Social networking website Twitter and Politwoops have struck deal that would allow people to access the controversial tweets that politicians posted and later deleted after public outcry.
Politwoops will relaunch in the “coming months” and it provides services in countries including India, the US, France and Canada, CNET.com reported on Saturday.
Run by the US-based Sunlight Foundation and managed by a Netherlands-based transparency group Open State Foundation, the Politwoops is a website that archives controversial tweets that politicians make and then delete these after public outcry.
The “website of erased Twitter gaffes” was disrupted last year as Twitter stopped giving it access to code that made preservation of the tweets possible, claiming that the archive broke its rules and hurt privacy.
Twitter had previously said that “it supported increasing transparency in politics and using civic tech and open data to hold government accountable to constituents but saving and publishing deleted tweets broke its rules and violated its users’ privacy”.

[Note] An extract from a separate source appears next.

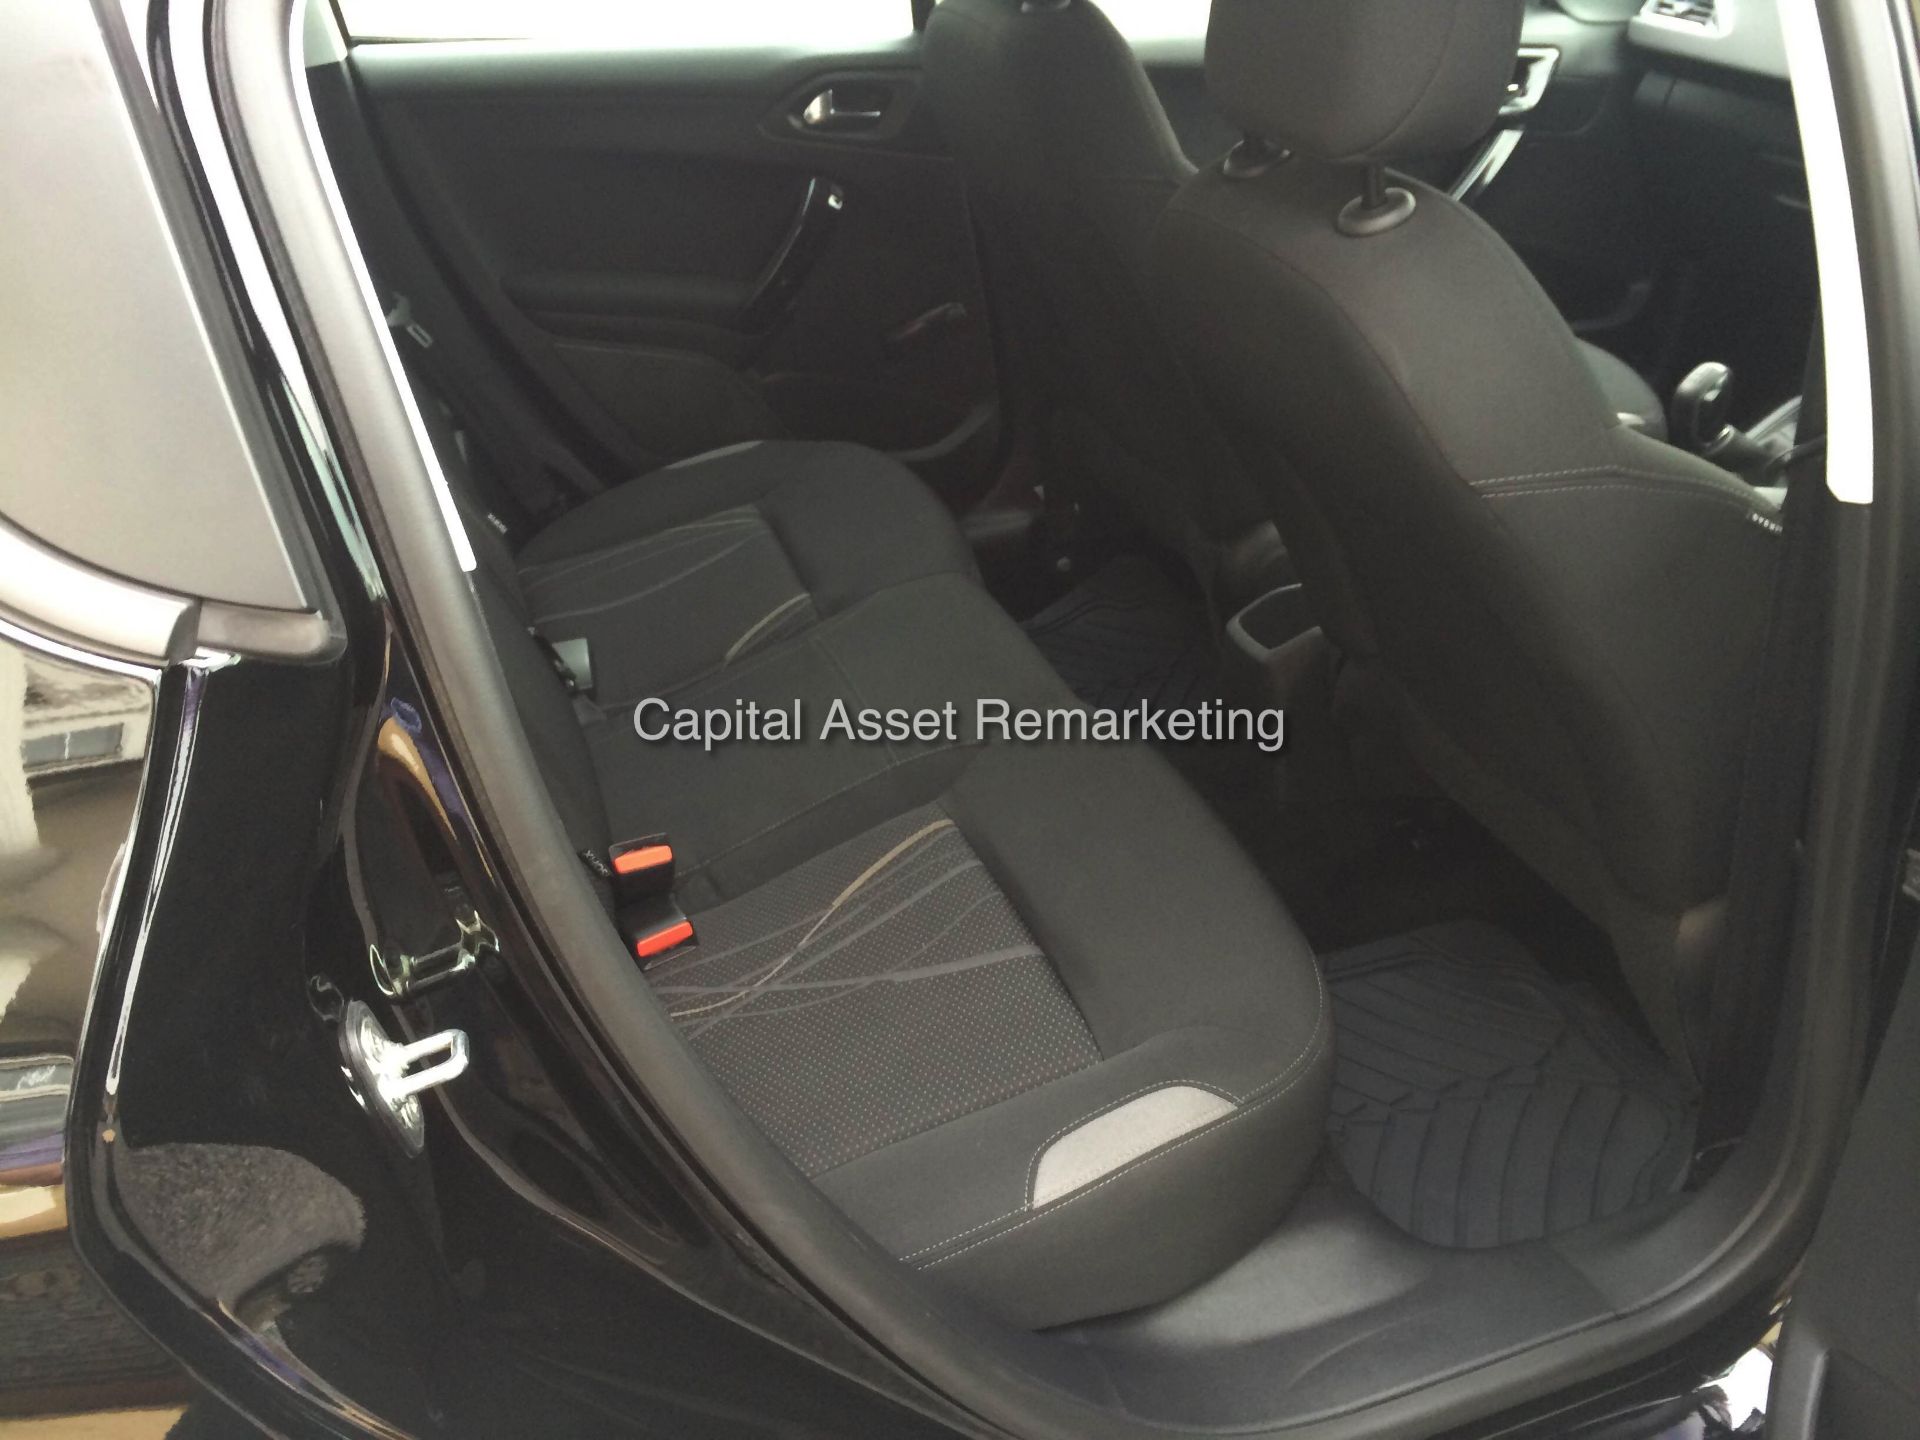 PEUGEOT 208 1.4 HDI 'ACTIVE' 5 DOOR (2014 - 14 REG)  **OWNED BY PEUGEOT FROM NEW** - Image 11 of 15

However, the Politwoops argued that “a citizen’s right to information outweighs a political figure’s right to retroactively edit a statement”.
In a statement, the Open State Foundation said the deal was the result of several meetings with Twitter CEO Jack Dorsey.
“We have a responsibility to continue to empower organisations that bring more transparency to public dialogue, such as Politwoops,” Dorsey said.
Meanwhile, it is not clear when Politwoops would again start posting deleted tweets.
The Open State Foundation said that “in the ‘coming months’ it will relaunch Politwoops in the more than 30 countries in which it had been available and that it will look to add more countries to the list”.